Significance. If validated, MIRAGE could meaningfully advance accessible medical education by offering an interactive, reproducible alternative to static atlases and unreliable web searches. The explicit reliance on publicly available models is a clear strength, supporting transparency, reproducibility, and global accessibility without local compute demands. However, the absence of any empirical validation substantially reduces the assessed significance of the contribution as presented.

major comments (3)

[Abstract] Abstract: The central claim that MIRAGE supplies 'clinically relevant images from trustworthy sources' and 'enriched descriptions' suitable for medical education is unsupported, as no retrieval metrics (e.g., recall@K on held-out ROCO data), generation quality scores (e.g., FID or medical-specific metrics for Prompt2MedImage), or expert clinical ratings are reported anywhere in the manuscript.
[Methods / System Description] System architecture description: The fine-tuning of MedICaT-ROCO is described at a high level but lacks any details on training procedure, hyperparameters, dataset splits, or quantitative performance, making it impossible to evaluate whether the shared latent space actually produces semantically meaningful and clinically accurate retrievals.
[Abstract] Abstract and conclusion: The assertion that the system avoids 'mislabeled or incomplete material' from conventional search is not backed by any comparative evaluation or error analysis demonstrating that outputs from the fine-tuned CLIP, diffusion model, or LLM are free of hallucinations or clinically misleading content.

minor comments (2)

[Abstract] The provided Kaggle deployment URL should be accompanied by a permanent identifier or DOI if possible, and the manuscript should clarify whether the interface code is also released for full reproducibility.
[Full text] Notation for model names (MedICaT-ROCO, Prompt2MedImage) is introduced without explicit definitions of their training objectives or input/output formats, which would aid readers in understanding the pipeline.

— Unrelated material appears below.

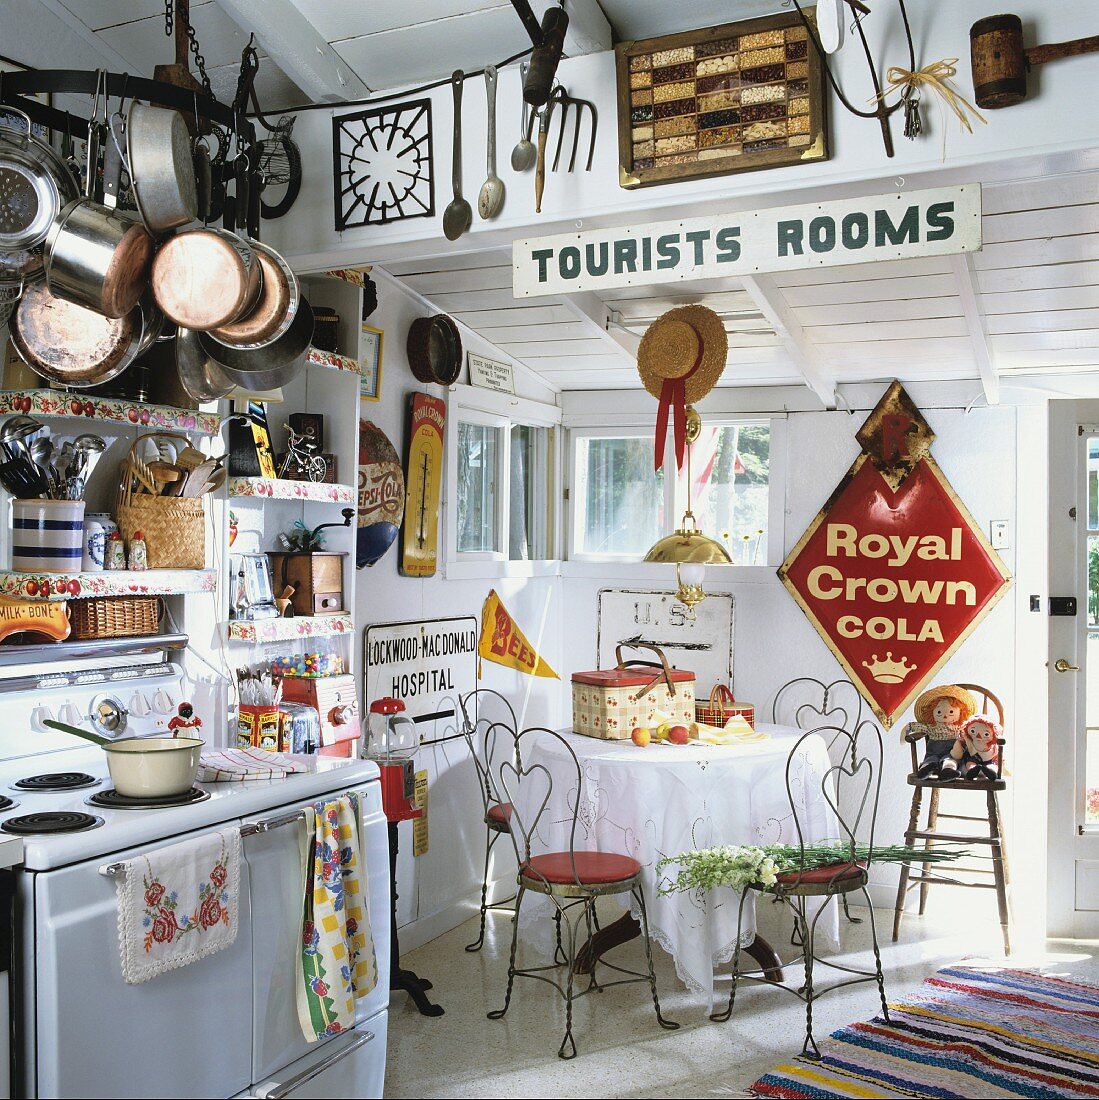 Kitchenette with corner window, round dining table, delicate metal chairs, old-fashioned cooker and colourful collection of signs
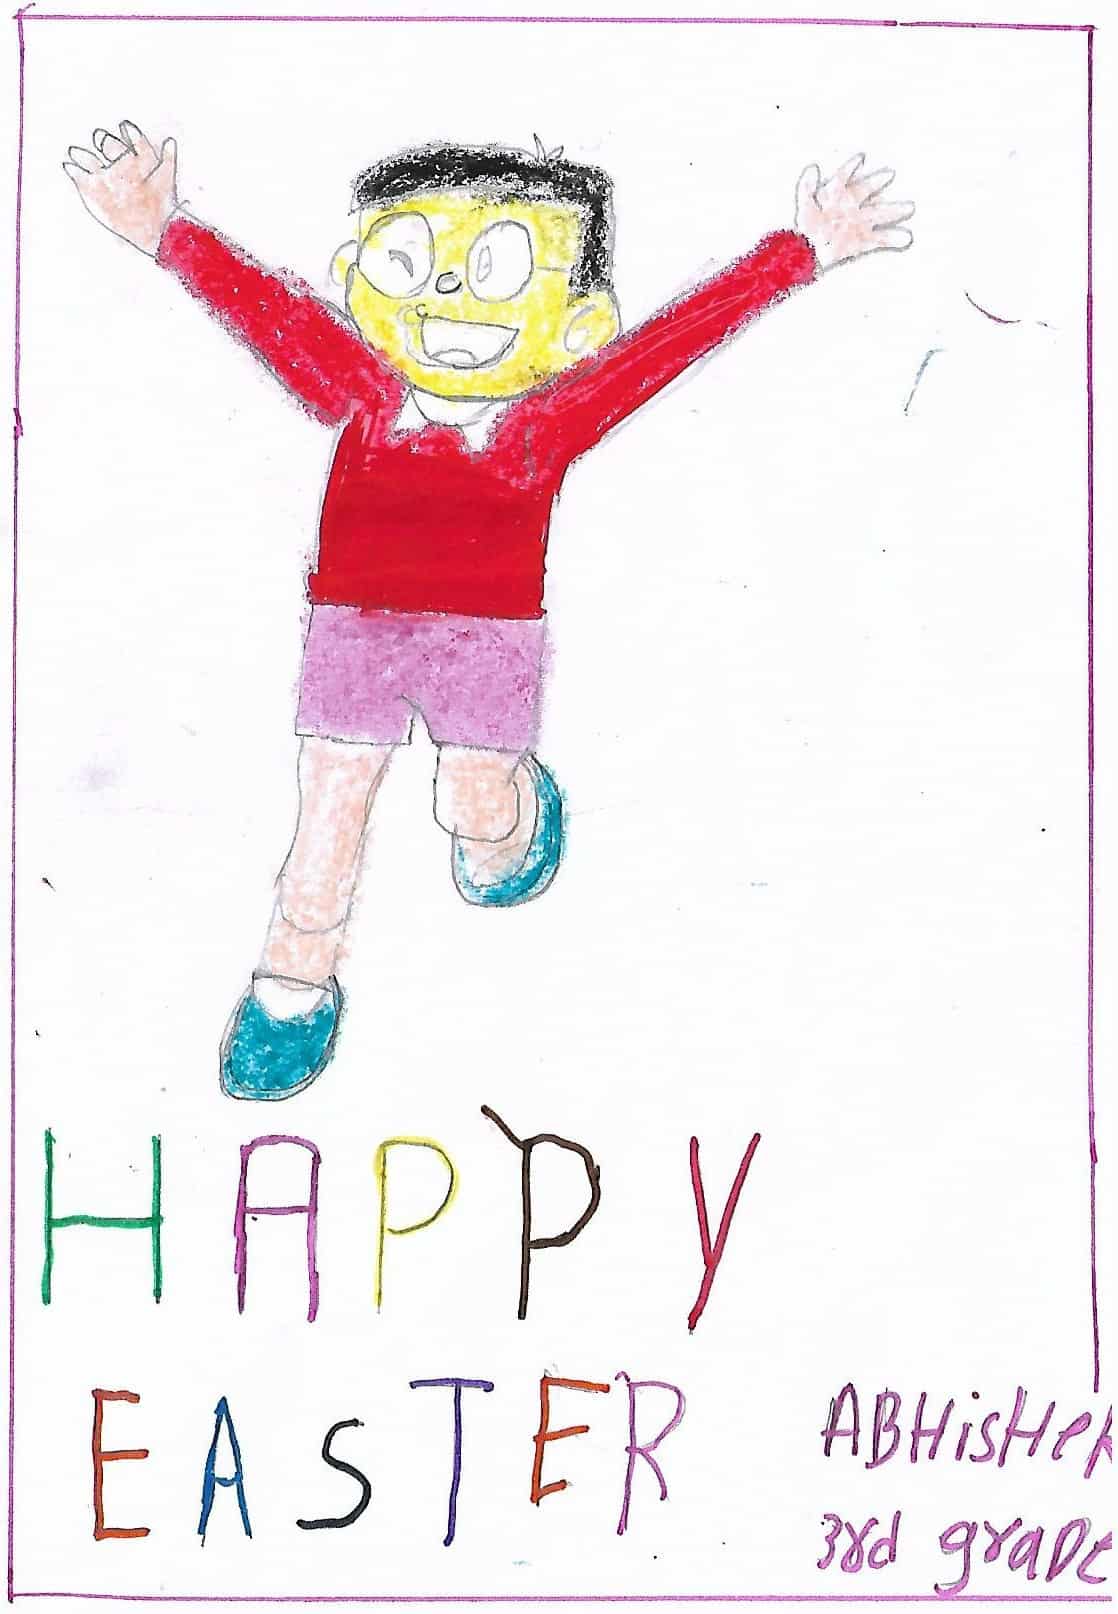 Joyful drawing by a child in India wishing Happy Easter

Simulated Author's Rebuttal

3 responses · 2 unresolved

We thank the referee for the thorough review and constructive criticism. The comments correctly identify that the manuscript, as a system description, does not include empirical evaluations to support its claims. We will revise the manuscript accordingly to moderate the language in the abstract and conclusion, expand the methods description, and add a limitations section. Our responses to the major comments are as follows.

read point-by-point responses

Referee: [Abstract] Abstract: The central claim that MIRAGE supplies 'clinically relevant images from trustworthy sources' and 'enriched descriptions' suitable for medical education is unsupported, as no retrieval metrics (e.g., recall@K on held-out ROCO data), generation quality scores (e.g., FID or medical-specific metrics for Prompt2MedImage), or expert clinical ratings are reported anywhere in the manuscript.

Authors: We agree with this assessment. The paper presents MIRAGE as an integrated educational tool built on publicly available medical models and datasets, without conducting new quantitative evaluations. In the revised manuscript, we will update the abstract to qualify these claims, for example by stating that the system retrieves images from the ROCO dataset derived from PubMed Central and generates images using a medical diffusion model, while noting that clinical relevance and quality are inherited from the underlying pretrained components. We will also introduce a limitations section discussing the absence of such metrics and the need for future expert validation. revision: yes
Referee: [Methods / System Description] System architecture description: The fine-tuning of MedICaT-ROCO is described at a high level but lacks any details on training procedure, hyperparameters, dataset splits, or quantitative performance, making it impossible to evaluate whether the shared latent space actually produces semantically meaningful and clinically accurate retrievals.

Authors: The fine-tuning details were summarized at a high level to maintain focus on the user-facing system and its educational applications. We will revise the Methods section to include more specifics on the training procedure, such as the optimizer, learning rate, number of epochs, batch size, and the train/validation/test splits applied to the ROCO dataset. Regarding quantitative performance, we note that detailed metrics from the fine-tuning were not computed or reported in the original work; we will clarify this and discuss it as a limitation. revision: partial
Referee: [Abstract] Abstract and conclusion: The assertion that the system avoids 'mislabeled or incomplete material' from conventional search is not backed by any comparative evaluation or error analysis demonstrating that outputs from the fine-tuned CLIP, diffusion model, or LLM are free of hallucinations or clinically misleading content.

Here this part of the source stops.